Jonathon Ross, MD, MPH, past president of Physicians for a National Health Program:
Have you seen the ads or the trailer for the movie John Q? Denzel Washington plays a man whose son needs a transplant and ends up going postal when he is told that it is not a covered benefit. I was at the movies when the trailer played.
The trailer finishes with DW holding a hostage and a negotiator saying to him, “How is this going to end, John?”
I couldn’t help saying out loud at the end of these words at the end of the trailer, “National Health Insurance!”
And the audience of about 100 broke into cheers.
Comment: “John Q” opens at theaters today. It has already provoked considerable discussion. Today’s reviews by movie critics are a mix. Some criticize it for using stereotyped characters with predictable behavior. Some criticize dramatizing the use of a violent response (using a gun to take hostages) for a very serious social issue (our failed system of paying for health care). But others clearly acknowledge that the message is very real, that the crisis in insurance coverage today literally threatens lives (though normally much more subtly than in this portrayal).
Discussion of this film has moved from the entertainment section to the news section of the media. And it is the message of the insurance crisis that is being discussed.
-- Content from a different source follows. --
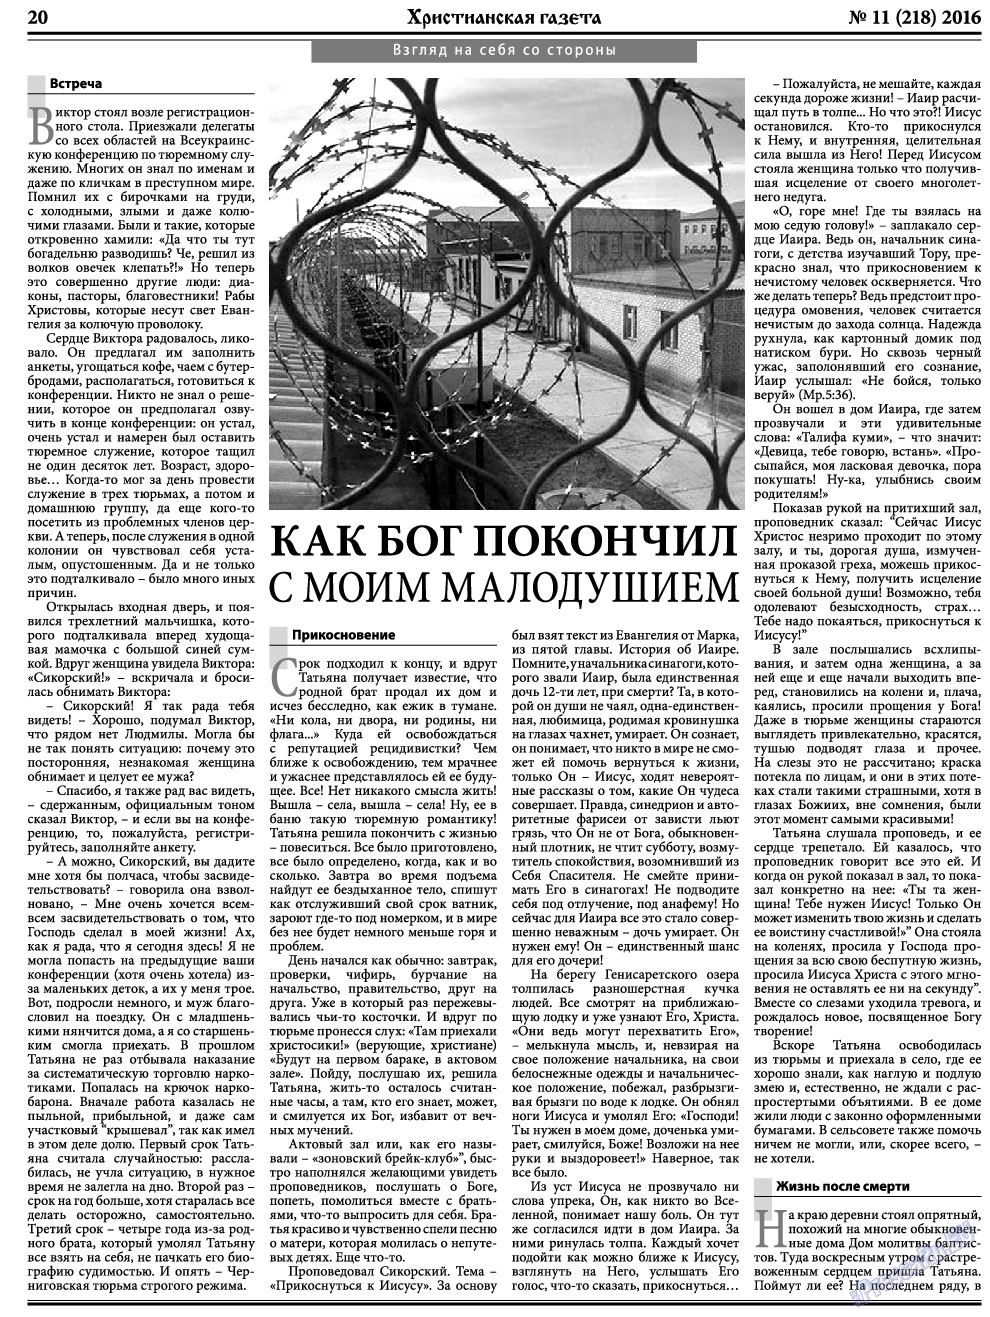 Христианская газета, газета. 2016 №11 стр.28

The anticipated impact is great enough that the American Association of Health Plans is conducting an advertising campaign to deflect the blame to others.
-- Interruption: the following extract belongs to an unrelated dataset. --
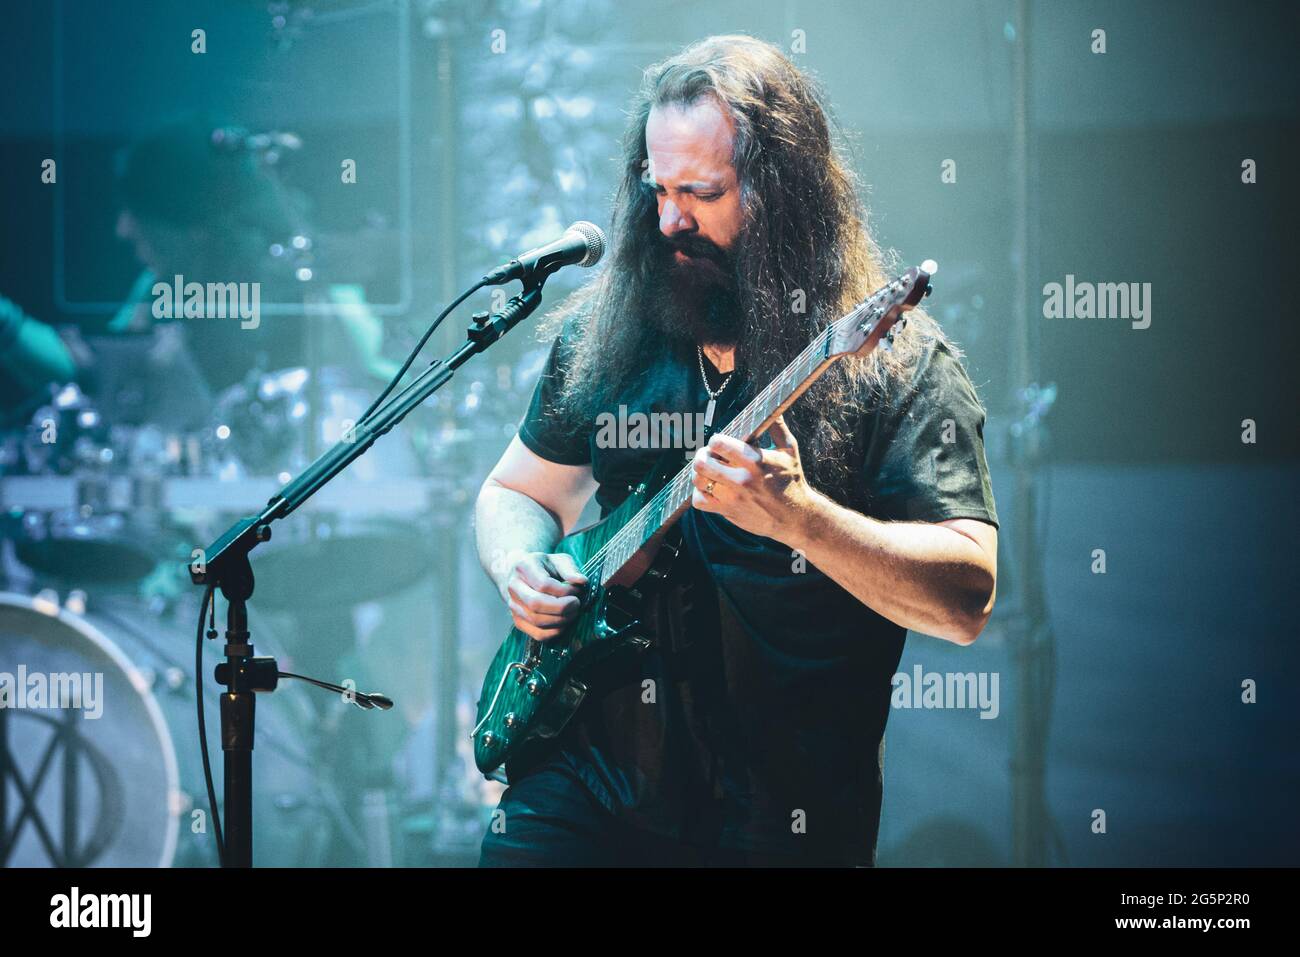 AUDITORIUM LINGOTTO, TURIN, ITALIEN: John Petrucci, Gitarrist der amerikanischen Progressive Metal Band Dream Theater, tritt live auf der Bühne für die „Images, Words and Beyond“ Tour in Turin auf. Stockfoto

While we need to be sensitive to the fact that violence is used to represent the intensity of the desperation of this fictional father, nevertheless, the nation will be discussing this film and the insurance crisis it portrays. We need to be there to show them that we do have a solution: comprehensive care for everyone with no increase in costs, through single payer health care reform.
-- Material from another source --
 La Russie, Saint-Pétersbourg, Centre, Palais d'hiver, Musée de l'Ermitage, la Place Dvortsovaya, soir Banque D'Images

For those that have the QuickTime 5 program, the John Q trailer can be viewed at:
Although some may object to specifying single payer reform as the answer, remember that the preliminary results of the California Health Care Options Project demonstrate that only single payer or health service models will provide truly comprehensive care for absolutely everyone, and that they actually reduce health care costs, whereas the incremental models studied fail the tests of universality and comprehensiveness and actually increase health care costs. It is time to refute and chastise those that say that we should stifle the talk of single payer because of political expediency. Single payer is the moral imperative in health care reform. We need to agree on that and then move on with reform.